To highlight gender disparities, we examine the last age group in Table 2—those aged 45-65. The fraction of the population with below primary school education is almost twice as high among Chinese women (39.6) compared to Chinese men (20.4%), with similar relative gender education disparities for those with college or above. In absolute terms, in this age group, this gender discrepancy is particularly large for those with rural Hukou. Fifty percent of rural Hukou women had no formal schooling—twice the rate of comparably aged rural Hukou men.

The age patterns in Table 2 also highlight dramatic improvements in education across birth cohorts in China over time, especially for women. A total of 39.6% of women ages 45-65 had less than primary education compared to 16.9% of women between ages 25-34. Rates of obtaining college degrees more than doubled over this time period for men while they increased almost five-fold among Chinese women.

Changes over time taking place among Chinese men were large as well, but not as rapid as among women so that the gender gap in education in China has narrowed significantly over time (Lei et al. 2012). The improvement patterns in education are different for urban and rural female residents, with urban female's mainly coming from increases in higher education while rural female's primarily reflects reductions in illiteracy. To illustrate, 6.2% of urban females aged 45-65 have some college or more, compared to 35.1% of the youngest counterparts. Correspondingly, the illiteracy rate of the rural female decreased from 49.7% for the oldest cohort to 21.3% for the youngest cohort. Among the youngest age group in Table 2 in the urban Hukou status there appears actually to be a small education advantage for Chinese women compared to Chinese men. With that exception, the gender gap in education outcomes still exists no matter which age cohorts we examine, but it is much smaller now than was historically the case in China. In light of the dramatic patterns highlighted in Table 2, we will estimate separate models below by gender, for all three age groups, and for urban and rural Hukou respondents separately.
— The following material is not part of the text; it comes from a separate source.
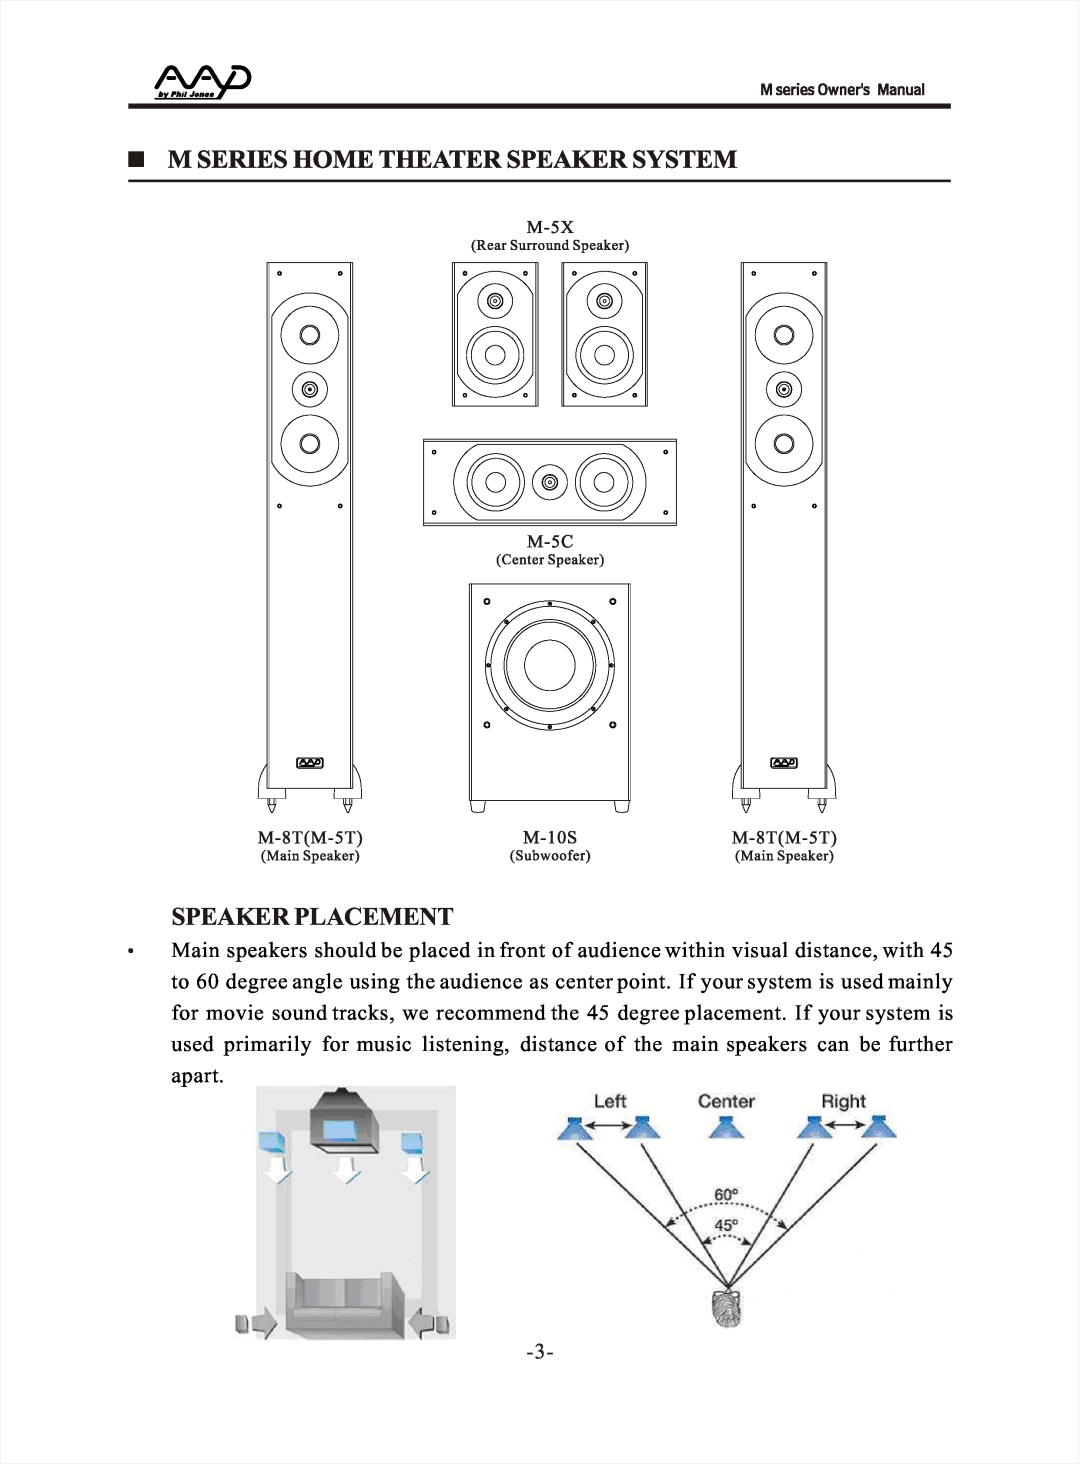 American Acoustic Development M Series manual Speaker Placement 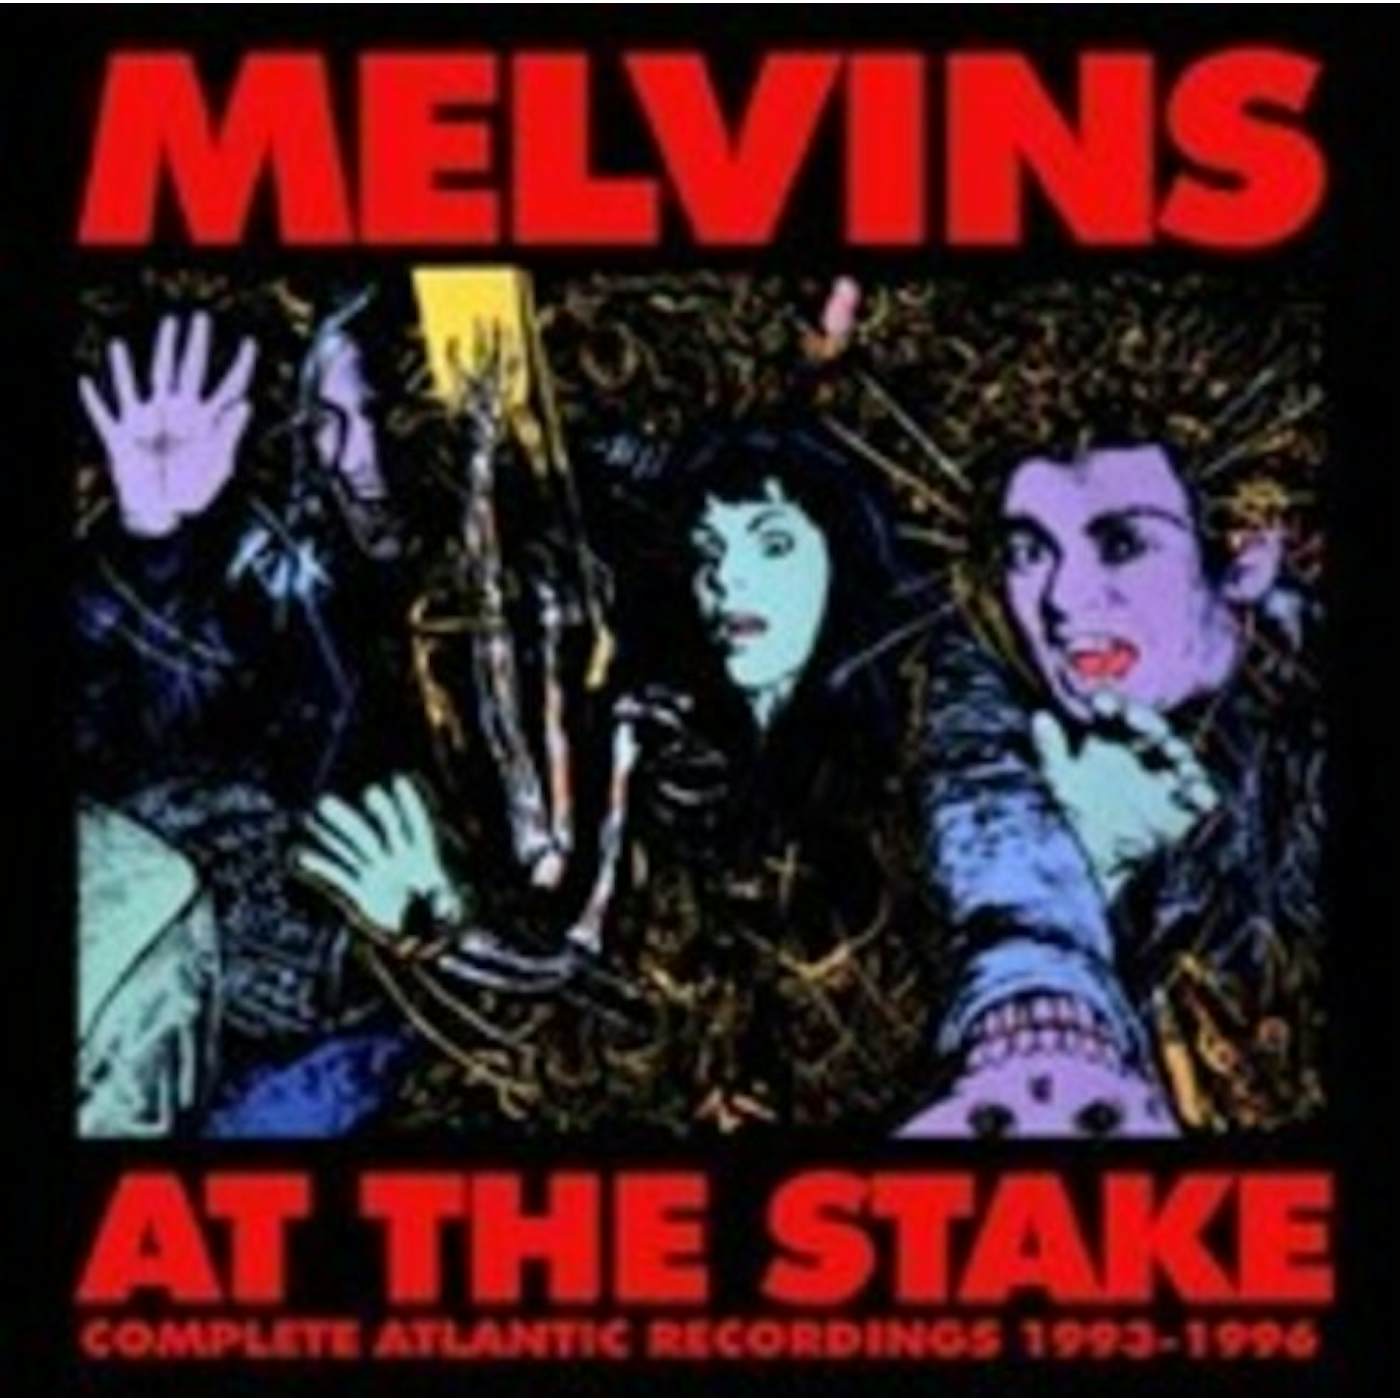 Melvins AT THE STAKE: ATLANTIC RECORDINGS 1993-1996 CD

Table 3.a illustrates the descriptive relationship between sibling gender composition and educational attainment stratified by number of siblings for both Chinese men and women for the combined age group of those ages 25-65. These descriptions are also provided separately by Hukou status. Within each sibship group, Table 3.a provides a test of differences in education by gender composition with the no-sister sibling group always being the comparison group. Before discussing gender composition effects, note that for both Chinese men and women mean education declines with number of siblings. Men with no siblings have 8.79 years of schooling compared to 7.85 years of schooling for men with three siblings. The parallel comparison for Chinese women gives 7.70 years of schooling for the 0 sibling category compared to 6.82 years for women with three siblings. Similar patterns exist within both Hukou statuses.

Table 3a.

Mean Years of Complete Education by Number and Gender of Siblings

Ages 25-65
		All Men		All Women		Urban Men		Urban Women		Rural Men		Rural Women
Number of Siblings	Gender composition	mean	test diff	mean	test diff	mean	test diff	mean	test diff	mean	test diff	mean	test diff
0 siblings	--	8.79	--	7.70	--	11.35	--	11.25	--	6.86	--	5.13	--
1 sibling	0 sister	8.53	--	8.19	--	11.17	--	10.95	--	7.21	--	6.84	--
	1 sister	8.89	0.359**	8.29	0.102	11.11	−0.060	11.28	0.331	7.77	0.559***	6.77	−0.069
	all	8.73		8.23		11.13		11.08		7.53		6.81
2 sibling	0 sister	8.28		7.33		10.34		9.84		7.34		6.29
	1 sister	8.37	0.087	7.42	0.087	10.36	0.025	10.06	0.217	7.51	0.169	6.33	0.038
	2 sisters	8.51	0.231	7.87	0.538***	10.57	0.228	10.18	0.334	7.61	0.268	6.42	0.131
	all	8.38		7.47		10.41		10.02		7.50		6.33
3 sibling	0 sister	7.28		6.64		10.16		8.96		6.29		5.83
	1 sister	7.65	0.362**	6.60	−0.032	9.75	−0.413	9.13	0.166	6.93	0.633***	5.73	−0.100
	2 sisters	8.01	0.724***	7.10	0.462***	9.95	−0.214	9.76	0.800***	7.34	1.042***	6.13	0.298*
	3 sisters	8.50	1.217***	6.78	0.147	10.41	0.246	9.82	0.852**	7.79	1.492***	5.70	−0.130
	all	7.85	--	6.82	--	9.97	--	9.43	--	7.12	--	5.89	--

a. Test is a test of differences by gender composition with the all-brothers the comparison group. b. *** is statistically significant at the 1% level, ** the 5% level, and * the 10% level. c. -- means not applicable (no gender division) or the category for the all brother reference group.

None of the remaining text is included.